Martes 17.07.2018

Razones de una moción de censura

Por segunda vez en la misma legislatura el gobierno de Mariano Rajoy se enfrenta a una moción de censura, esta vez con la excusa de una sentencia que afecta a numerosos altos cargos del PP, del partido y del Gobierno de José María Aznar.

Vale la pena recordarlo porque, que yo sepa, ningún miembro del actual gobierno, ni de la ejecutiva de ese partido figuran entre los condenados.

Entonces, ¿a qué se debe la prisa en agarrarse a esta sentencia para presentar una moción de censura, sin que esté claro que esta cuente con los votos necesarios para llevarla adelante y, sobre todo, sin que se sepa el coste de todos y cada uno de esos apoyos?

Veamos las posibles razones de cada grupo político para mirar con simpatía esta oportunidad de cambiar al gobierno del partido más apoyado en las dos últimas elecciones.

Para Pedro Sánchez, vapuleado en esas mismas elecciones y en las últimas encuestas  -el hombre que ha llevado a su partido a los peores resultados de su historia- es una oportunidad de revertir esa imagen de perdedor y aparentar liderazgo. Pero si el argumento oficial es devolver el prestigio a las instituciones ¿por qué no dejar que sean los ciudadanos quienes pongan a cada uno en su sitio? Pedro Sánchez quiere elecciones, pero no ahora. ¿Por qué? Quiere gobernar, quiere forjarse una imagen de hombre de Estado a costa de poner al país en una situación de inestabilidad presente y futura, pero además porque quiere dejar “colocados” sus peones para ese momento en que, inevitablemente, deberá convocar esas elecciones a las que, por ahora, no quiere poner fecha. ¿Tendrá algo que ver el próximo relevo de Carlos Lesmes al frente del Consejo General del Poder Judicial? ¿Los futuros relevos en el TC? Ah, y no olvidemos la elección -parece que ya dentro de poco- del futuro Director de RTVE…

¿Y qué pueden querer los otros grupos a cambio de su voto afirmativo?

Veamos a los nacionalistas. Sus votos siempre han tenido un precio, en dinero o en concesiones y con frecuencia ambas.

Empecemos por el PNV. Acaban de estrujar la bolsa de los Presupuestos Generales de Estado así que la cosa no va de dinero pero ¿Qué tal si el futuro Presidente del Gobierno acepta la redacción del nuevo Estatuto vasco que están preparando y que reivindica, entre otras “menudencias”, el derecho a la autodeterminación?

Por parte de los separatistas catalanes ya lo han dicho; salida de los políticos presos y regreso de los fugados (aunque no sé cómo se obliga a volver a quién huyó por voluntad propia…). Una postura lógica en quienes tenían como una de sus prioridades poder nombrar a dedo a jueces y fiscales. Esto sin contar, con la exigencia de un referéndum “legal”. ¿Estará el futuro presidente del Gobierno dispuesto a estas concesiones a cambio de esos votos rupturistas?

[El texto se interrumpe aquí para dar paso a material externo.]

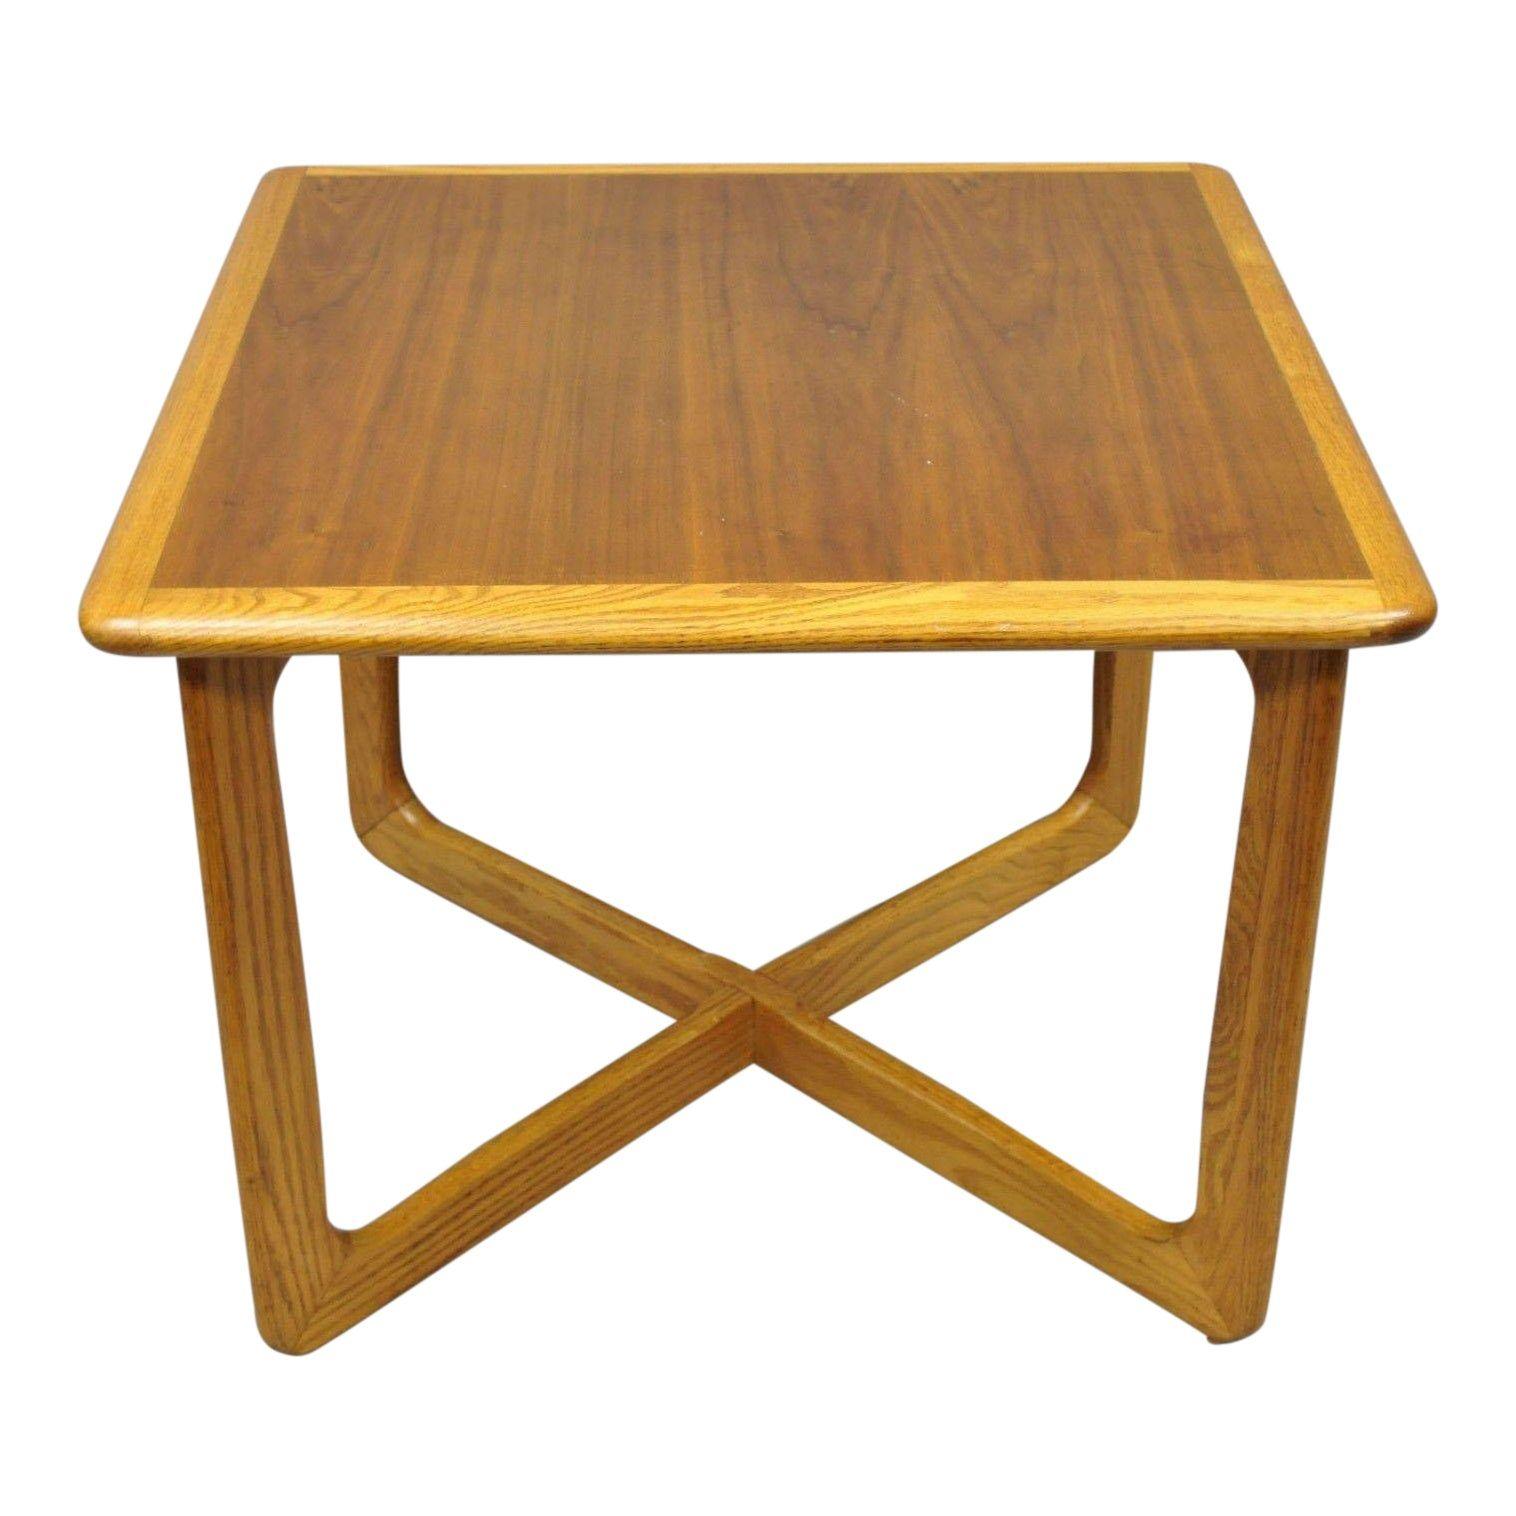 Altavista Lane Mid Century Modern Walnut Square Side Coffee Table Modern Square Coffee Table Side Coffee Table Mid Century Modern Side Table [ 1516 x 1516 Pixel ]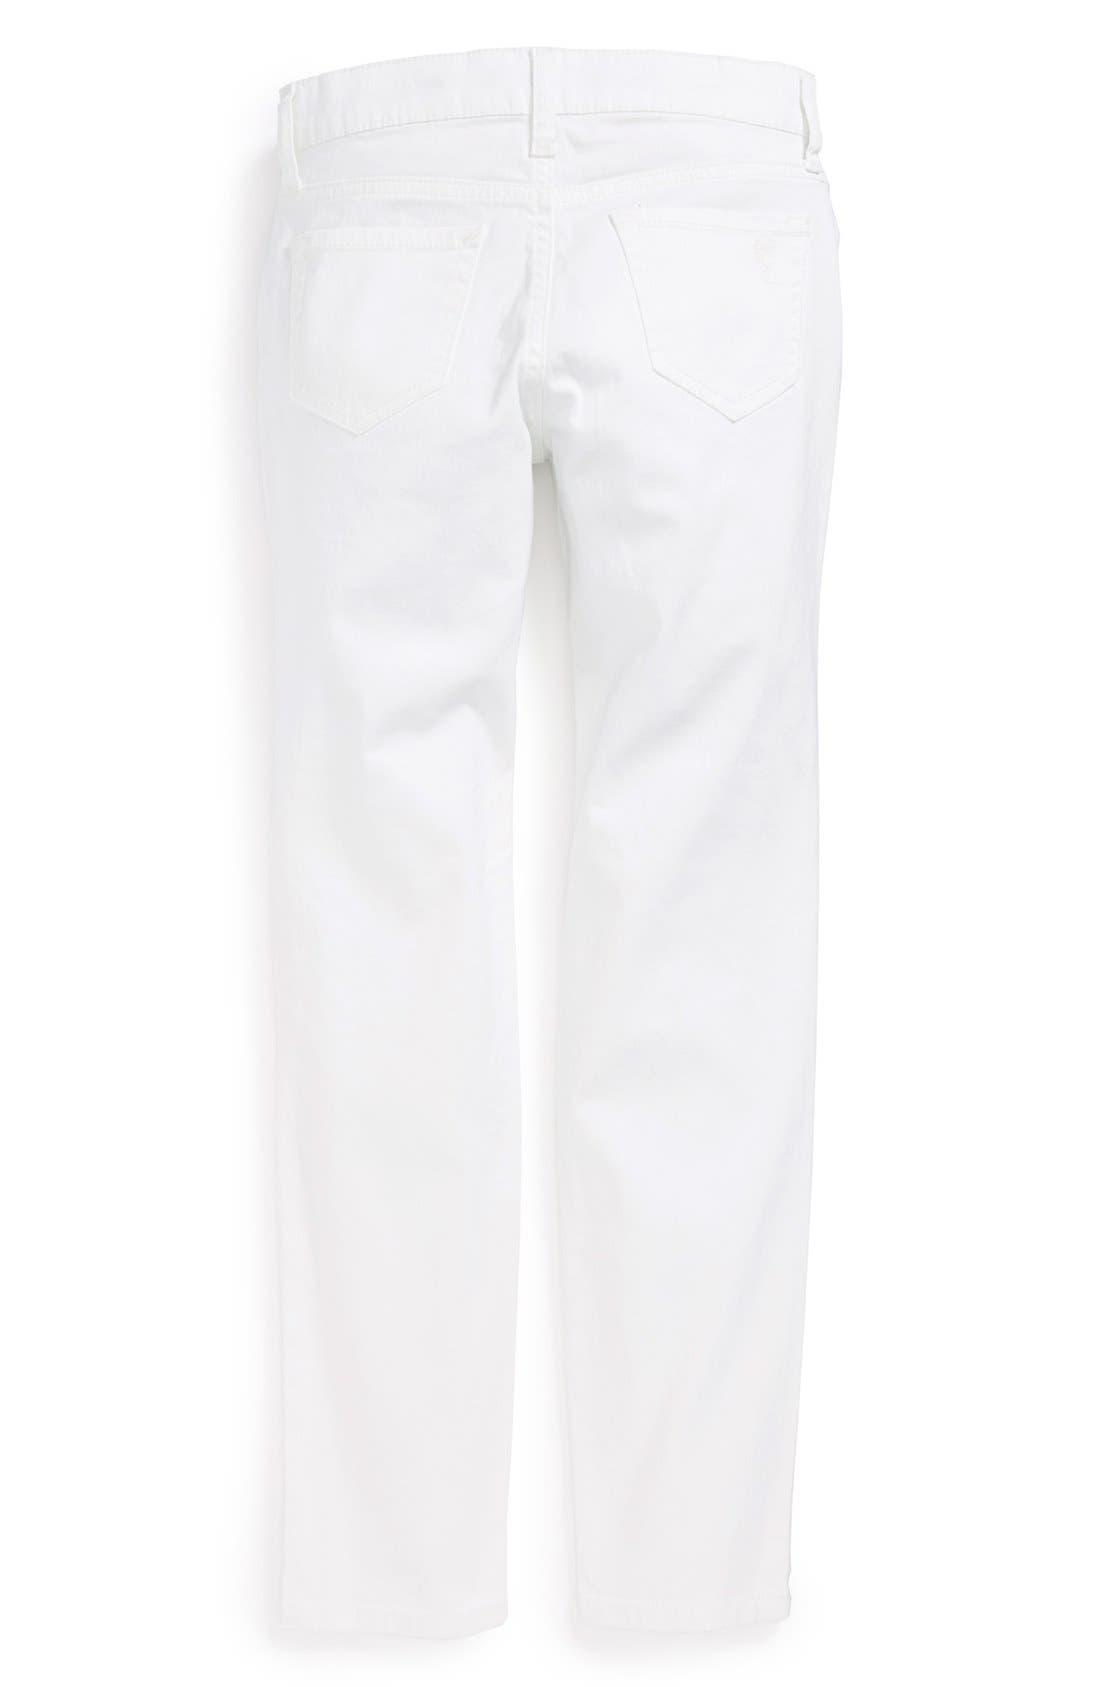 Main Image - Jessica Simpson 'Kiss Me' Skinny Jeans (Big Girls)

A Pablo Iglesias ha venido Dios a verle. En medio de la polémica sobre su casoplón (perdón por el coloquialismo) consigue desviar la atención, no solo de sus militantes sino de toda la opinión pública, hacia otro asunto que le permite sacar pecho y retomar su maltrecho liderazgo. Además de permitirle cumplir el principal encargo de su financiador, el inefable Maduro, desestabilizar a España.

Para Ciudadanos es la ocasión de seguir con la senda de distanciamiento del gobierno del PP iniciada estos últimos meses.  Para demostrar que ellos son los únicos que saben hacer frente a los separatistas ante la supuesta inacción del Gobierno.

Una ensalada de intereses en la que el ingrediente menor es el interés del país, de sus ciudadanos. En la que los egos personales se sitúan por encima de cualquier consideración hacia aquellos de quienes realmente dependen y cuyos intereses aseguran defender: ¡NOSOTROS LOS CIUDADANOS!